Electrochemical degradation of sulfamethoxazole and trimethoprim at boron-doped diamond electrode: Performance, kinetics and reaction pathway

• First order decays were observed for electrolyses carried when iappl > ilim.
• The degradation rates of SMX and TMP were favored at acidic conditions.
• At optimized conditions both antibiotics were virtually all mineralized.
• An oxidation pathway of the SMX/TMP electrochemical degradation was proposed.
• Boron-doped diamond electrode is quite efficient for the degradation of both SMX/TMP.
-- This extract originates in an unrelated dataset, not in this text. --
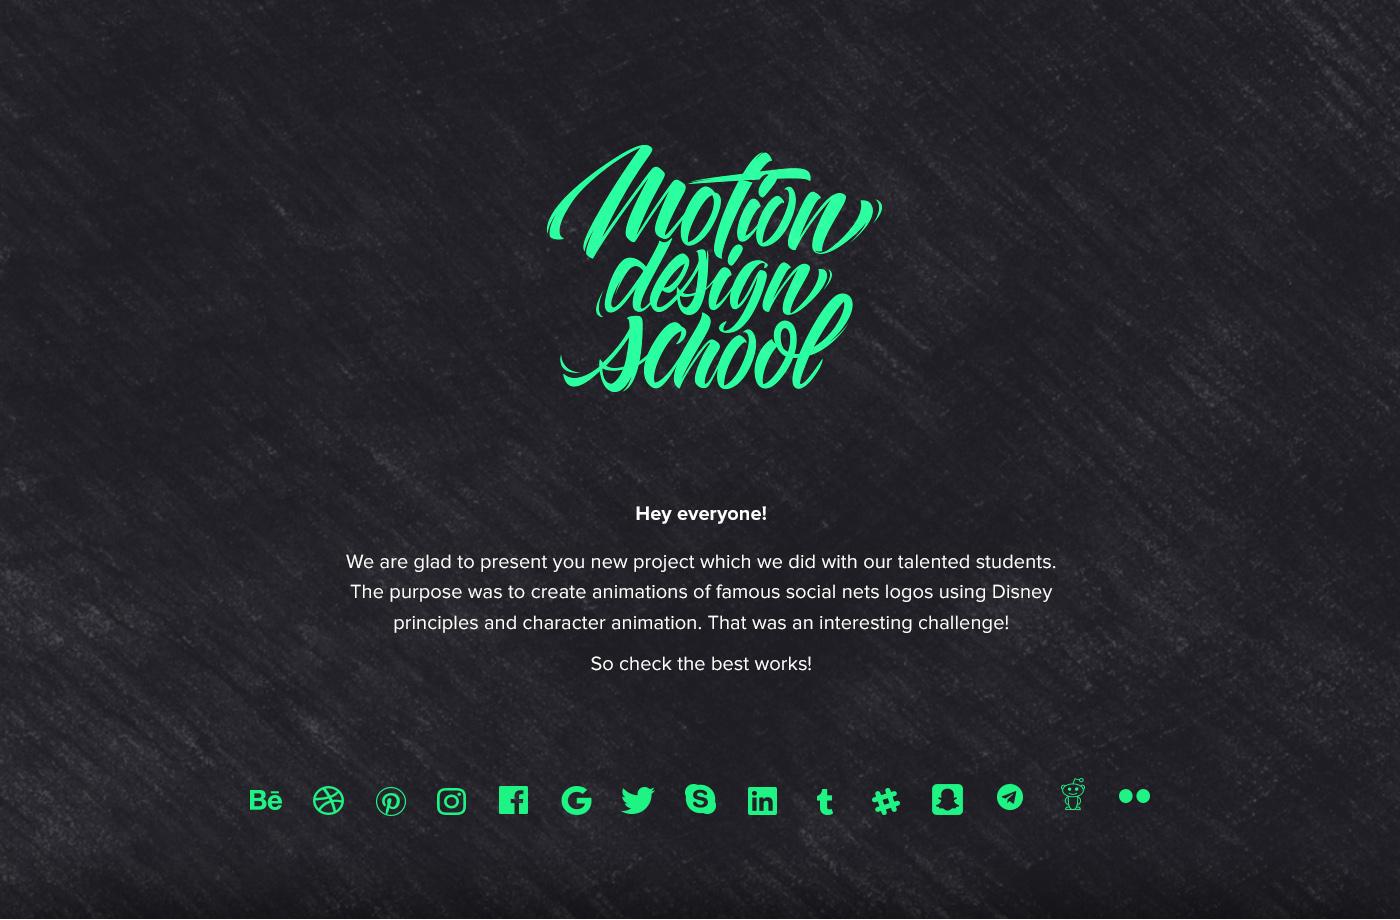 logo,animation ,intro,motion design,motion design school,free,Character,logofolio,logoset,motion

The results for the simultaneous electrochemical degradation of two antibiotics (sulfamethoxazole – SMX and trimethoprim – TMP) in a filter-press electrochemical reactor employing a boron-doped diamond (BDD) electrode are presented and discussed. The obtained hydrodynamic voltammograms, which are related to the oxidation of [Fe(CN)6]4-[Fe(CN)6]4- to [Fe(CN)6]3-[Fe(CN)6]3- carried out at different flow rates (1.0 L min−1 up to 5.0 L min−1), allowed the maximization of the mass transport conditions in the filter-press electrochemical reactor. The performance of the BDD electrode in the SMX/TMP oxidation obtained at optimized conditions (i = 36 mA cm−2, pH = 5.0 and flow rate = 5.0 L min−1) showed that at the end of only 3 h of electrolysis (corresponding to 7.8 Ah L−1) both antibiotics were virtually all degraded and ∼90% of both COD and TOC were reduced. Although p-benzoquinone was detected during the electrolyses it was completely consumed by the end of the electrolysis carried out at under optimized conditions. Under optimized conditions, the intermediate compounds were properly identified by GC–MS and an oxidation pathway of the simultaneous SMX and TMP electrochemical degradation was proposed. The results obtained for the BDD electrode show that it has an excellent performance for the degradation of both SMX and TMP.